Report: $1,400 in stimulus would help a lot

Democrats in Congress are still shaping another stimulus package that could be passed without Republican support, and it would send every American a check for $1,400. A report from Morning Consult says that would help 20 million Americans keep their heads above water through July.

The report estimates that 30 million Americans were unable to pay all their bills in January, with 82 percent of the households in that category earning less than $50,000 a year. The vast majority fell short by $300 or less.

Using that data, the organization estimates that the additional income from the bill’s stimulus provision would help Americans meet their basic expenses for four and a half months.

COVID-19 lowered life expectancy last year

The pandemic, which thus far has killed more than 490,000 Americans, lowered U.S. life expectancy last year, according to an analysis by the Associated Press.

It was a significant decline -- one full year. It reversed many years of improving life expectancy that increased because Americans smoked less and the health care industry made life-extending improvements.

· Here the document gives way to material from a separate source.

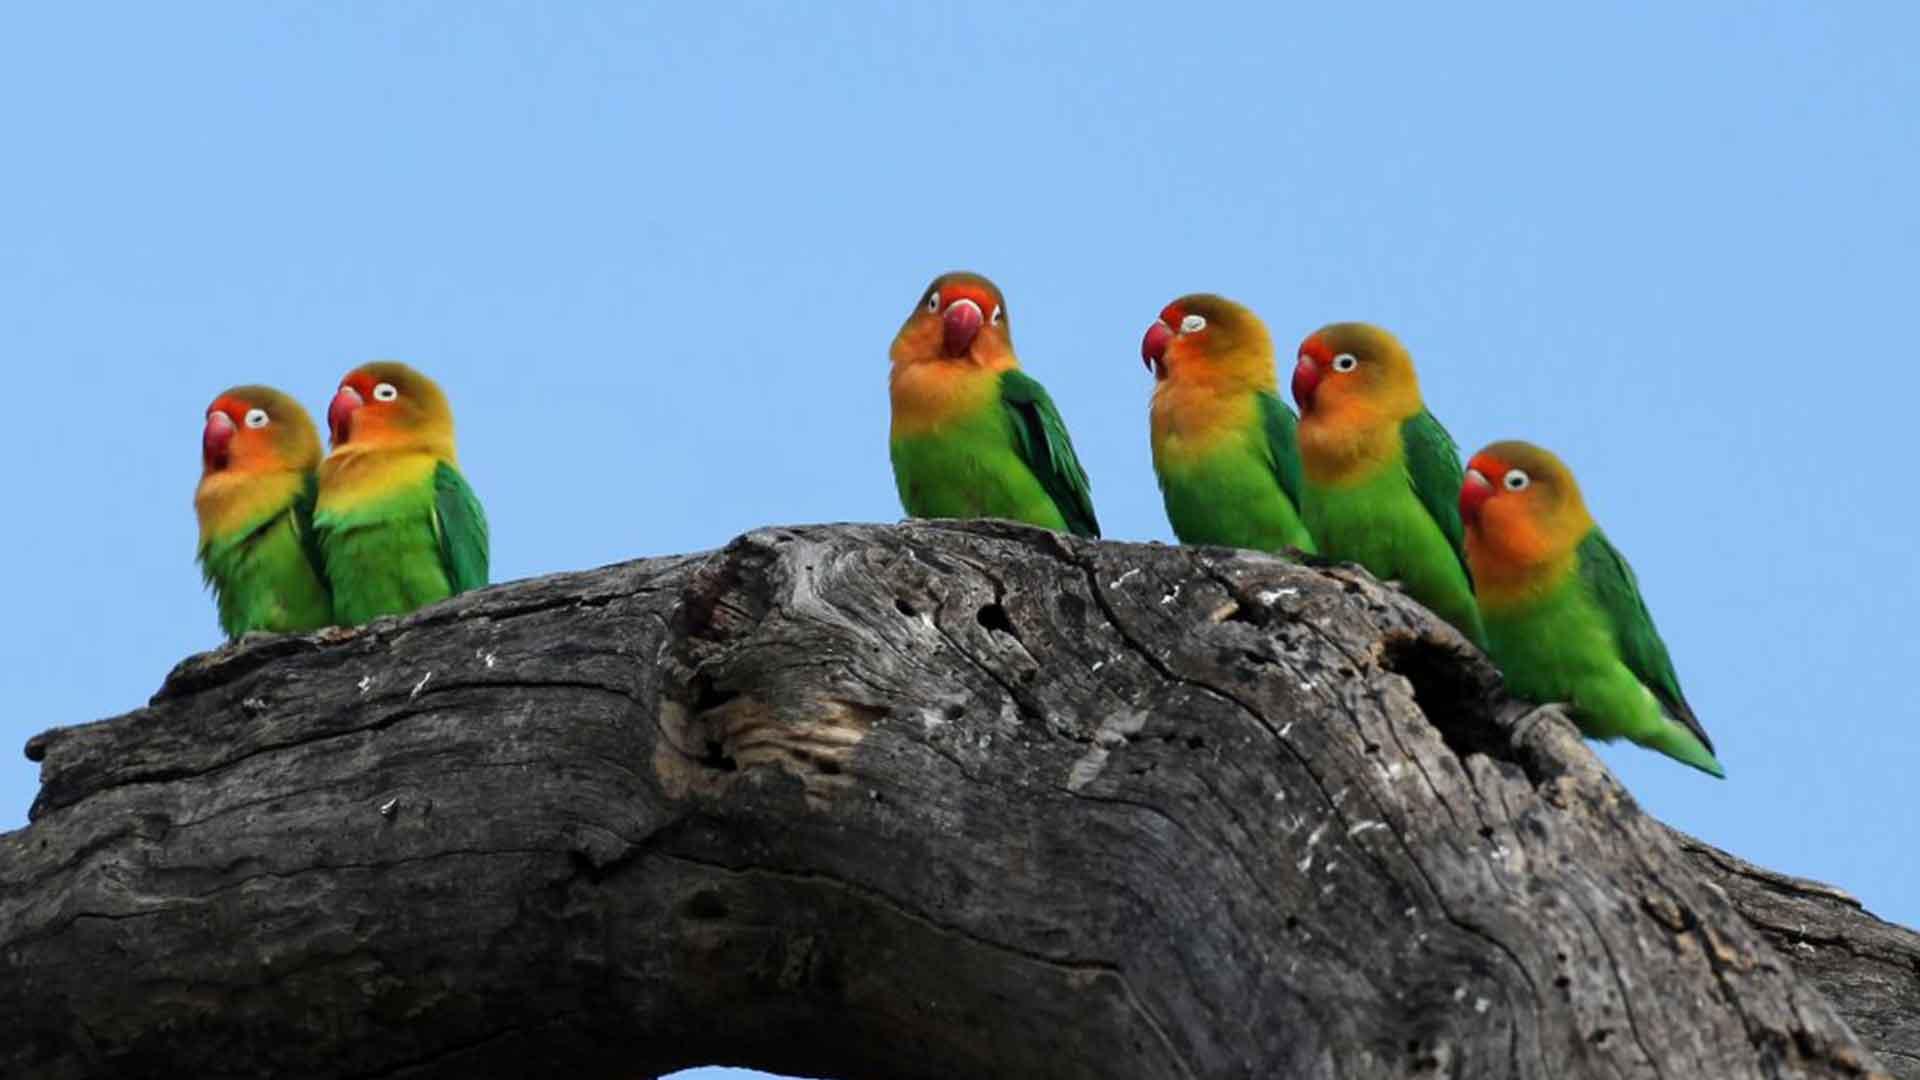 Love birds sitting on a log in Serengeti National park on tanzania safari tour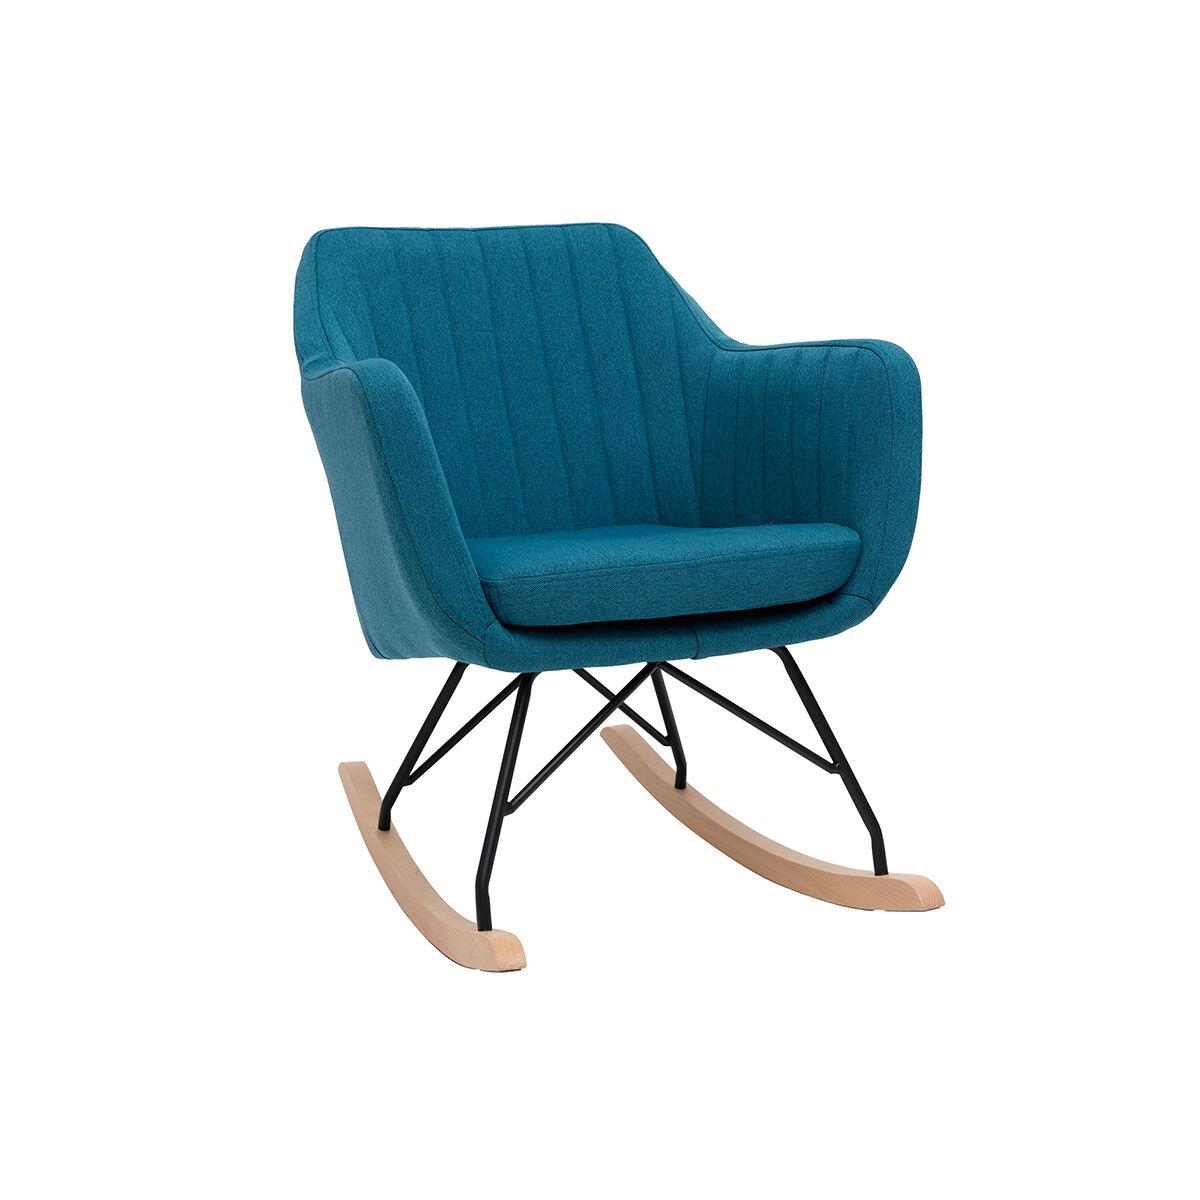 Miliboo Rocking chair scandinave en tissu bleu canard ALEYNA

Robert Anderson, an official at the Centers for Disease Control and Prevention (CDC), told the AP that it was the steepest reversal in life expectancy since World War II.

CDC: 15 million have received both vaccine doses

Despite problems with the coronavirus vaccine rollout, data released by the CDC shows that more than 15 million Americans have received both doses of either the Moderna or Pfizer vaccine. Both have been shown to be 95 percent effective in clinical trials.

The report also shows that 40 million Americans have received at least one dose of the vaccine. States with the best track record to date include Alaska, Connecticut, New Mexico, North Dakota, and West Virginia, which lead the country in terms of second doses administered per 100,000 residents.

Around the nation

  • New York: The New York City Hospitality Alliance has issued a new report detailing just how the pandemic has devastated the city’s restaurants. It shows that nine out of 10 New York City eateries couldn’t afford to pay their rent in December.

  • Georgia: While the coronavirus appears to be receding in many states, Georgia is a glaring exception. In a report, the White House says the state has among the nation’s worst death rates from the virus, and the situation isn’t improving as fast as other states.

  • Maine: State health officials are reaching out to more retail pharmacies to aid in the vaccine rollout that has been slowed by places to get the shots. When Walmart and Sam's Club made appointments available on February 12, the slots filled up quickly. "That's just evidence of continued demand," Maine CDC Director Dr. Nirav Shah said.